Everyone kind of likes the eagle, but the eagle is everywhere already. It adorns sales flyers as much as political pamphlets. Stephen Colbert has helped cement it as the symbol of pistachio nuts, and the moderates agree they should avoid that association.

A large plurality then backs choosing an American wild stallion reared up on its hind legs.

But the moderate former Republicans object that a horse is awfully close to the Democratic donkey. If you reject the rhino, it’s only fair to sideline the stallion. The stallion-backers mildly try to make the case to keep it, but then others also object about the stallion being wild. The party is supposed to be for moderates who favor reason and practicality. “Wild” is another thing. Let the Republicans and Democrats be wild.

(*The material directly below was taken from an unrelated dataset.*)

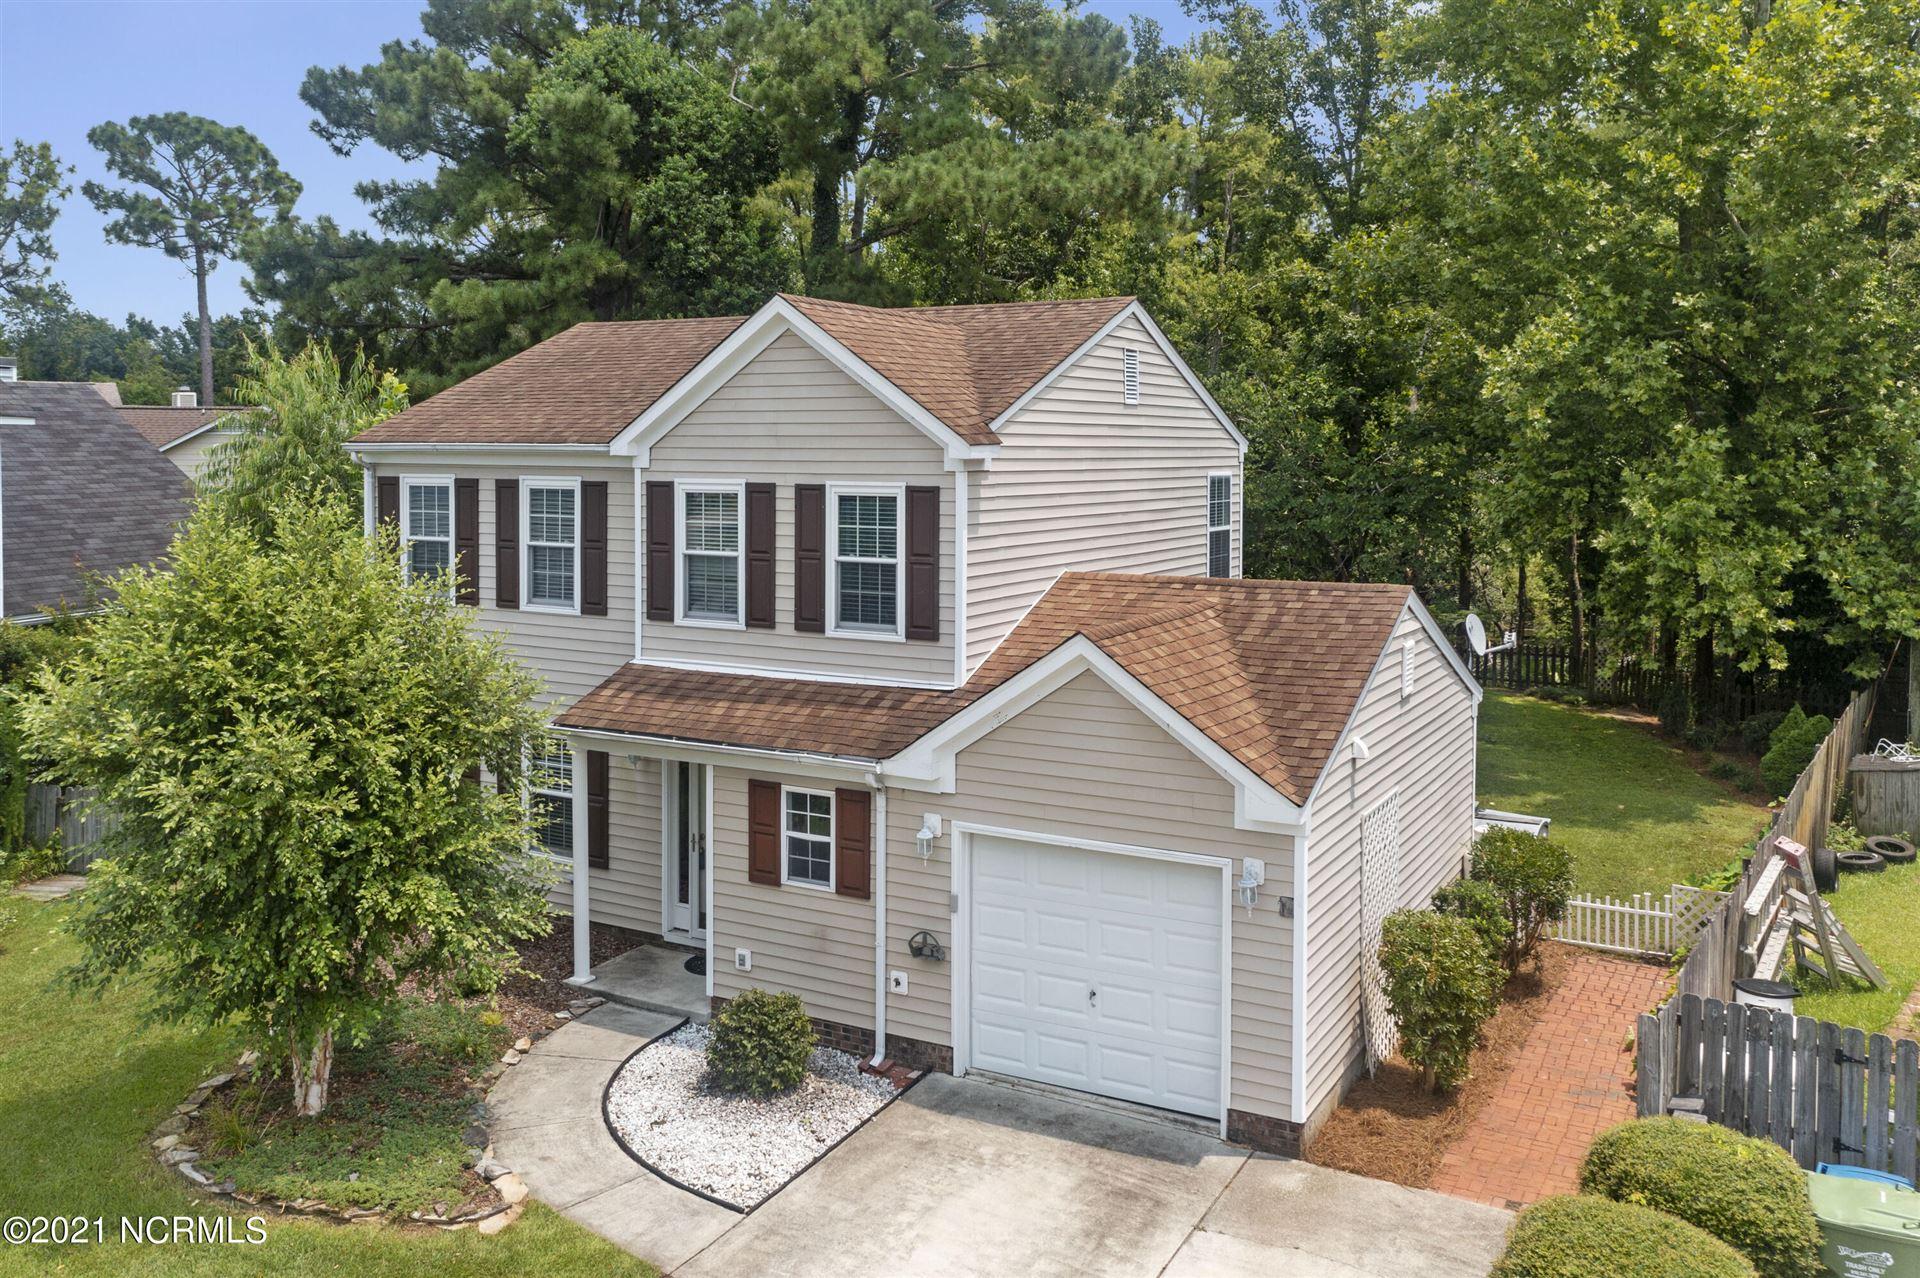 Photo for 4149 Abbington Terrace, Wilmington, NC 28403 (MLS # 100282325)

Finally the voting narrows to the only proposal not eliminated: a black lab. No one’s particularly enthused about it, but no one hates it either, and isn’t that the essence of compromise? Plus, black labs are tremendously loyal and reliable dogs, and unfailingly friendly to everyone – no decent person would hate a black lab.

That settled, the delegates break for the day and head for an evening at Applebee’s to toss back a few light beers and prepare for the second day’s action item: considering an alternative to the temporary motto. Among the options: “Half a loaf is better than none,” and “If no one ever settled, your mother would still be single.”